Another interpretation is that if the bond market did really revolt, the Fed would be able to craft a response, such as a programme of long-term Treasury purchases.
A final view, though, is that markets are more stressed than they may appear. The rather subtle reaction in US government bonds over the past week or so is a steady strengthening in very short-term debt prices compared with very long-term paper. This is not easy to digest – not the source of scary stock market charts with a straight line pointing south. But it is already adding pressure to global bond markets, as the UK can attest.
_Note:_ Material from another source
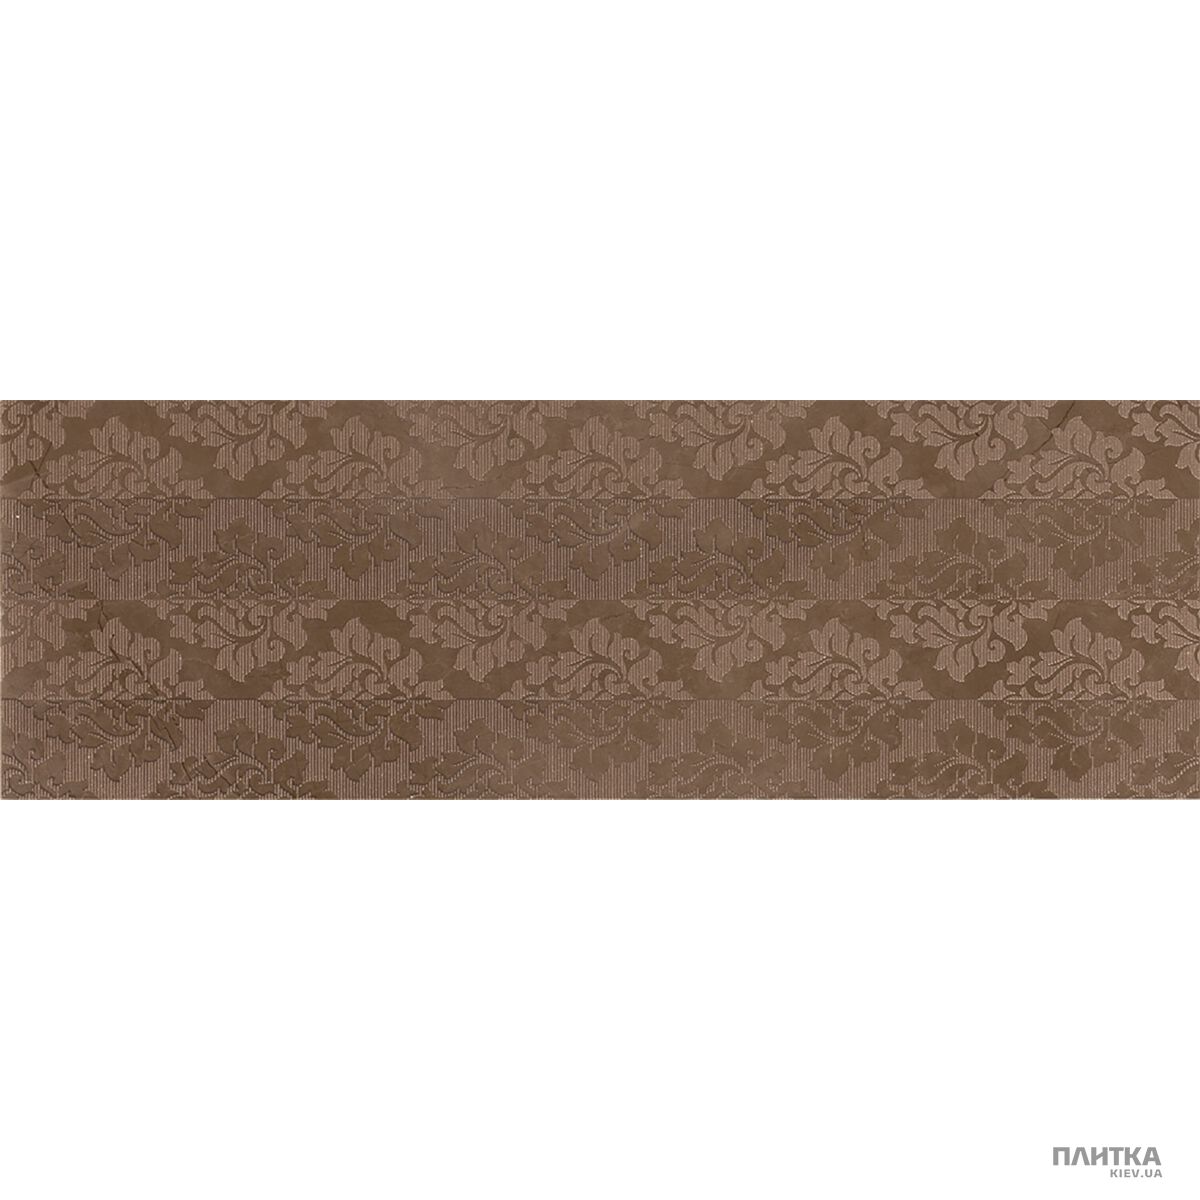 Плитка Marca Corona Deluxe 8961 Dex. Bronze Baroque S/1 коричневый

It tells us that investors are increasingly sure that a US rate cut is coming, reasonably soon, but that inflation is likely to be a persistent concern further out, especially if a politicised central bank holds interest rates lower than it should to keep an interfering president sweet.
Long-term debt is precisely where any market rebellion will show its face. Again, a natural experiment is just around the corner. The US Treasury’s tentative schedule of upcoming debt auctions features only short-term debt in the coming week or so, and it appears Treasury secretary Scott Bessent has run a charm offensive to drum up demand for that kind of paper from stablecoin operators – a whole other risk hiding in plain sight. But longer-term debt will hit the markets in early September.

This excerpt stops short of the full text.